1,000 Rhode Islanders, many of whom have children, will find themselves unemployed and unable to support their families.
The Governor’s actions were necessary to provide for the long term fiscal health of the state and I give him credit for taking a tough stand.
But I would not express joy at what happened.
I hope that the state employees will be provided with job training to help them compete in the private sector.
I also hope that this will help not only reduce the deficit, but in some small way change a culture in which RI kids are told that they should aspire to get a state job.

16 years ago

I still think the joker in the deck is the education funding to cities and towns. If the rumors are true and the legislature is planning to flat-fund education aid, it gives the Governor the opportunity to change the narrative from “mean governor wants to hurt state employees” to “greedy legislature wants to hurt kids to pay for more welfare and their friends in state government”.
(And by sitting on the budget details for almost as long as legally possible, giving the minimum amount of notice for the budget hearing, and scheduling it on a Friday, the legislature is sure acting like there’s some details in the budget they don’t think are going to be terribly popular with the public.)

16 years ago

Let me guess, state worker?
Anyway, I’m happy, even joyful. I only wish it could be more people getting the axe. Why should anyone be sad at the prospect of making THEIR government more efficient and of saving loads of money by shedding dead weight?
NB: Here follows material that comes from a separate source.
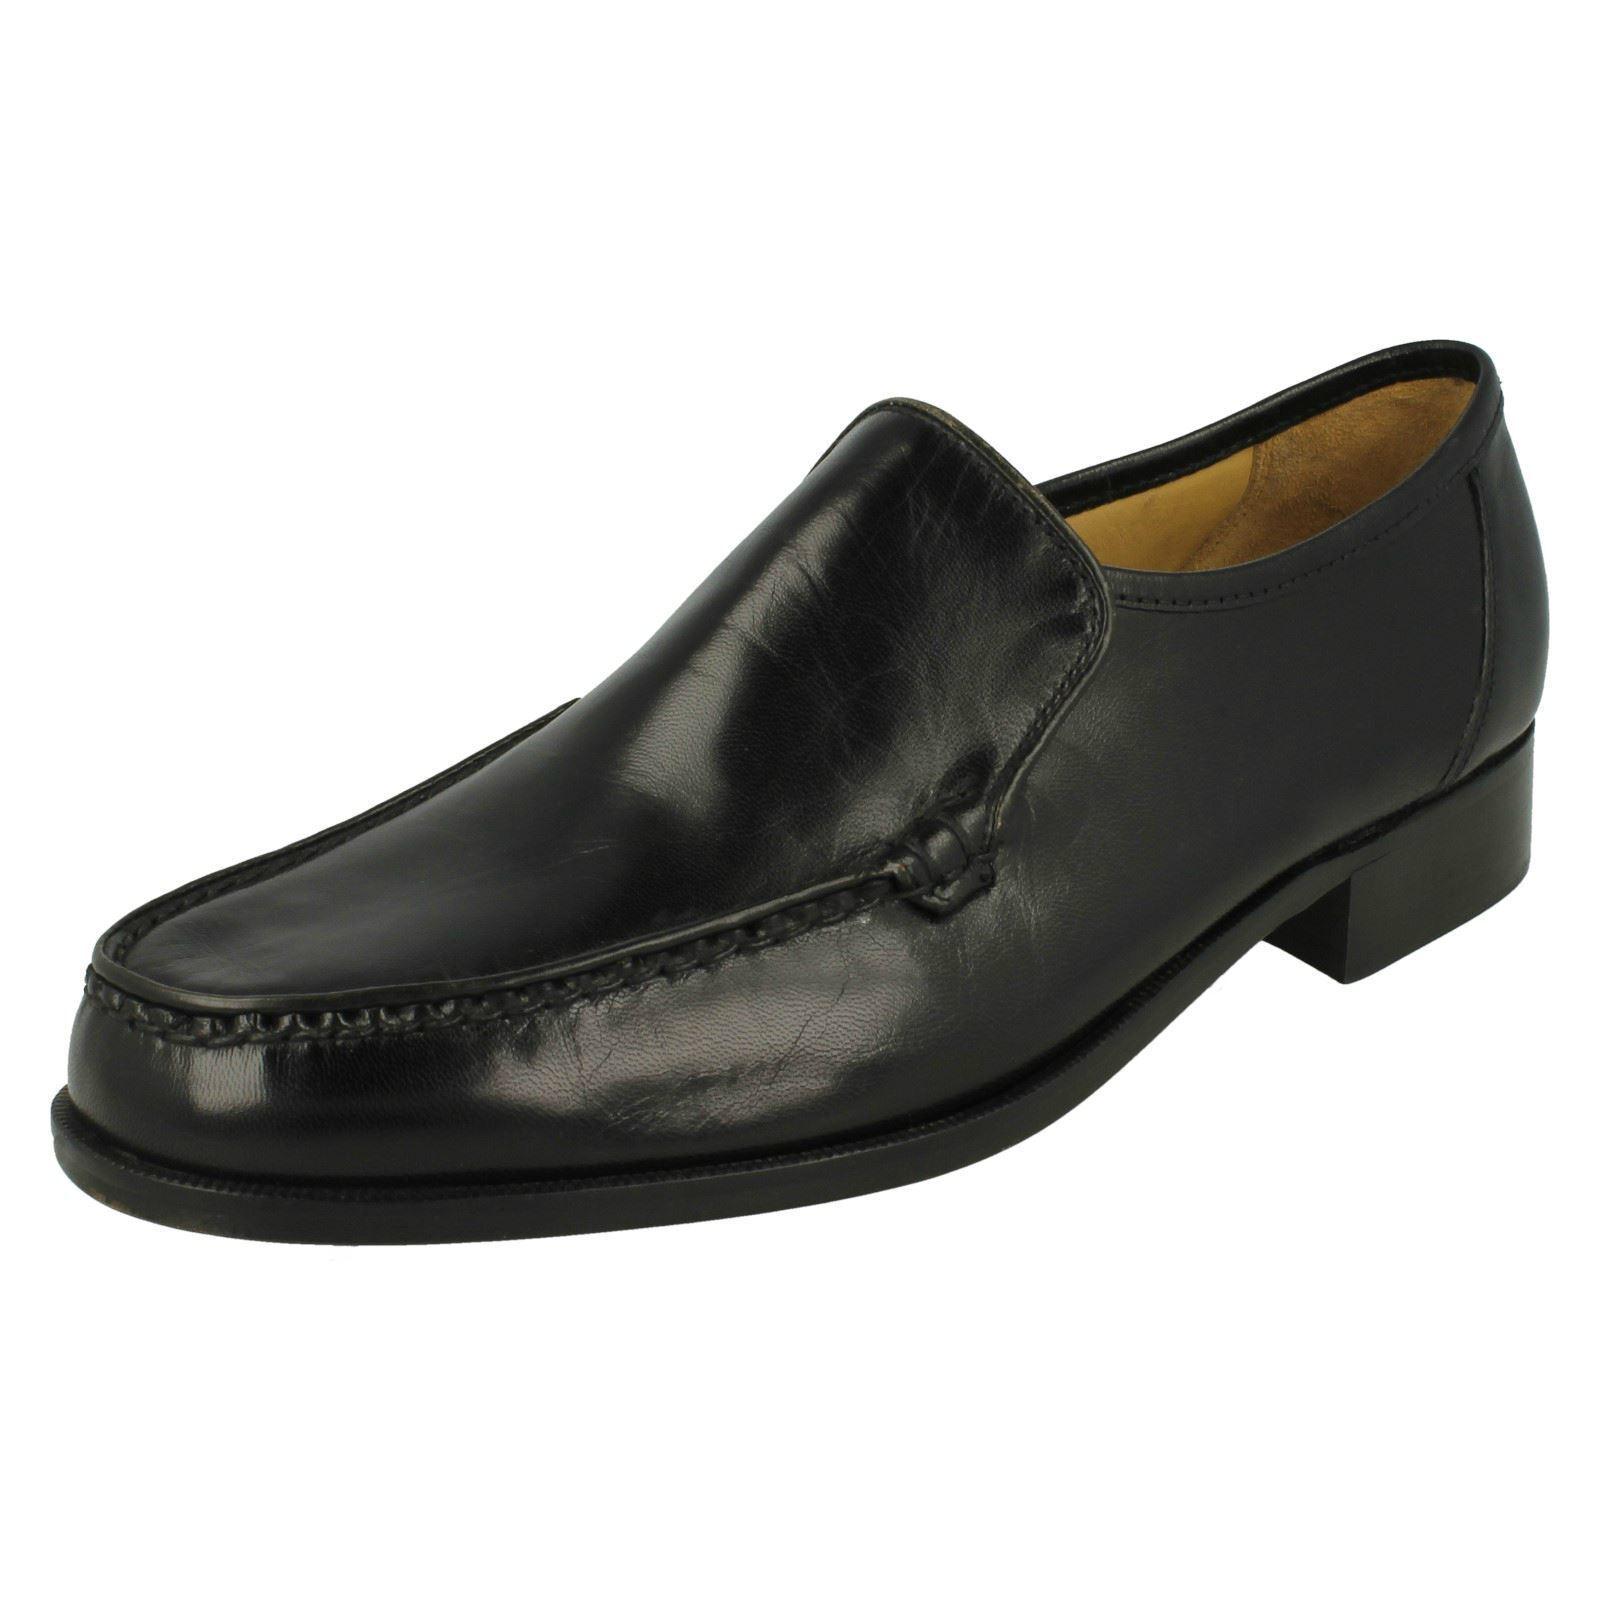 Mens Illinois Black Leather Slip On Shoe By Thomas Blunt £79.99

Yes, fundamentally, they are people. However, they are people who have been living high on the hog at our expense, and this is the day of reckoning for them.
While I’m bloviating, why should state workers get any better treatment than the rest of us? Would we get job training or anything else to help us transition to another job in the private sector? Maybe some of them need to find out what it’s like for the average Rhode Islander to get a good job in the private sector, and then perhaps they’ll sympathize with the rest of us and appreciate all those who have been subsidizing their largess all these years. Maybe they’ll realize that it’s they who’ve systematically raped this state for their own benefit. Let them shop for generics at Walmart and maybe eat some goverment cheese, too. It’s called a life lesson — it’s about time they learned one. I have no sympathy. None.

16 years ago

No Will, just someone who has compassion for others.
Some people have the luxury of being born into wealth or happen to be born into a family business that gives them a job. Others have to struggle to get by on a day to day basis.
In any event, I’m not happy when I see others losing sources of income.